Yousefi Rasoul, Nourani Mehrdad, Panahi Issa
Quality of Life Technology Laboratory The University of Texas at Dallas, Richardson, TX 75080, USA.
Annu Int Conf IEEE Eng Med Biol Soc. 2012;2012:2004-8. doi: 10.1109/EMBC.2012.6346350.

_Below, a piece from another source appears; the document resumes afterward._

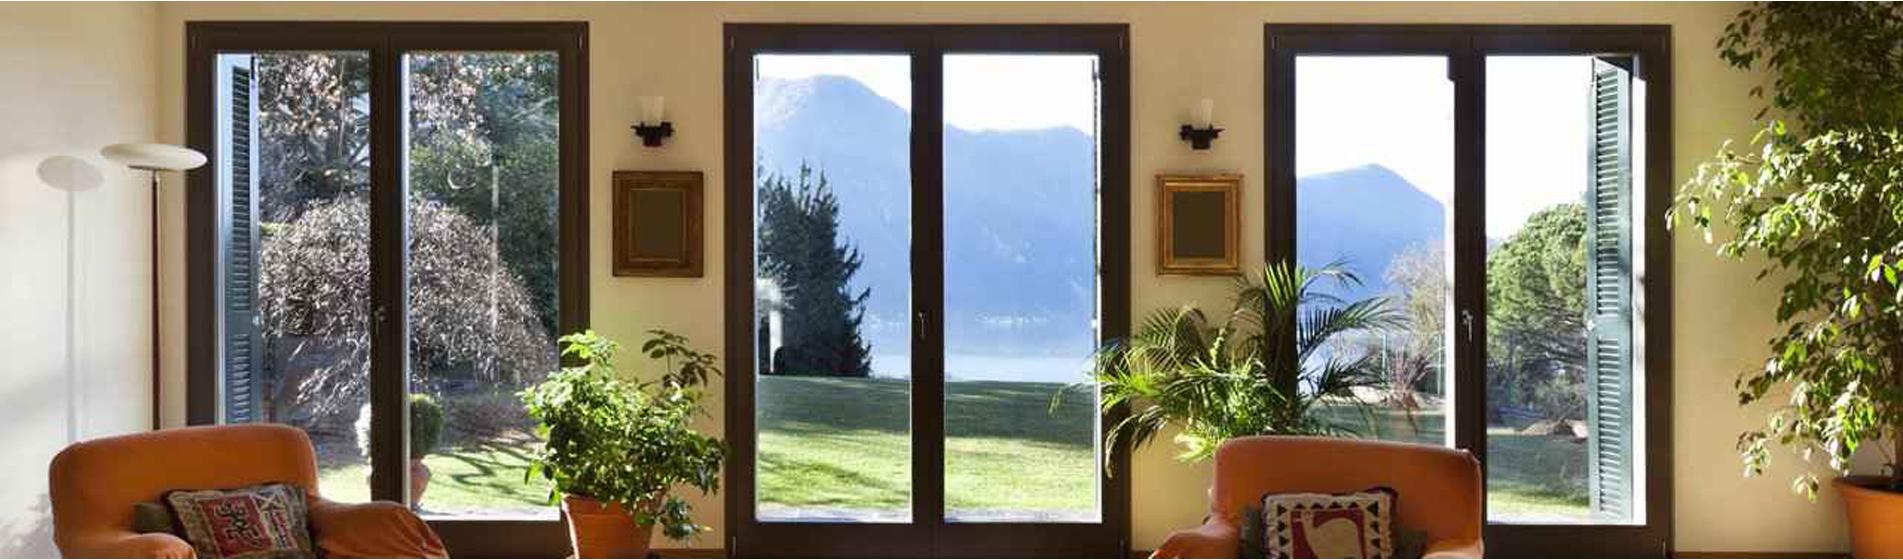 installer fenêtre alu sur-mesure 30 Gard

The performance of wearable biosensors is highly influenced by motion artifact. In this paper, a model is proposed for analysis of motion artifact in wearable photoplethysmography (PPG) sensors. Using this model, we proposed a robust real-time technique to estimate fundamental frequency and generate a noise reference signal. A Least Mean Square (LMS) adaptive noise canceler is then designed and validated using our synthetic noise generator. The analysis and results on proposed technique for noise cancellation shows promising performance.
可穿戴生物传感器的性能受到运动伪影的高度影响。本文提出了一种用于分析可穿戴光电容积脉搏波描记法(PPG)传感器中运动伪影的模型。利用该模型,我们提出了一种稳健的实时技术来估计基频并生成噪声参考信号。然后使用我们的合成噪声发生器设计并验证了最小均方(LMS)自适应噪声消除器。对所提出的噪声消除技术的分析和结果显示出了良好的性能。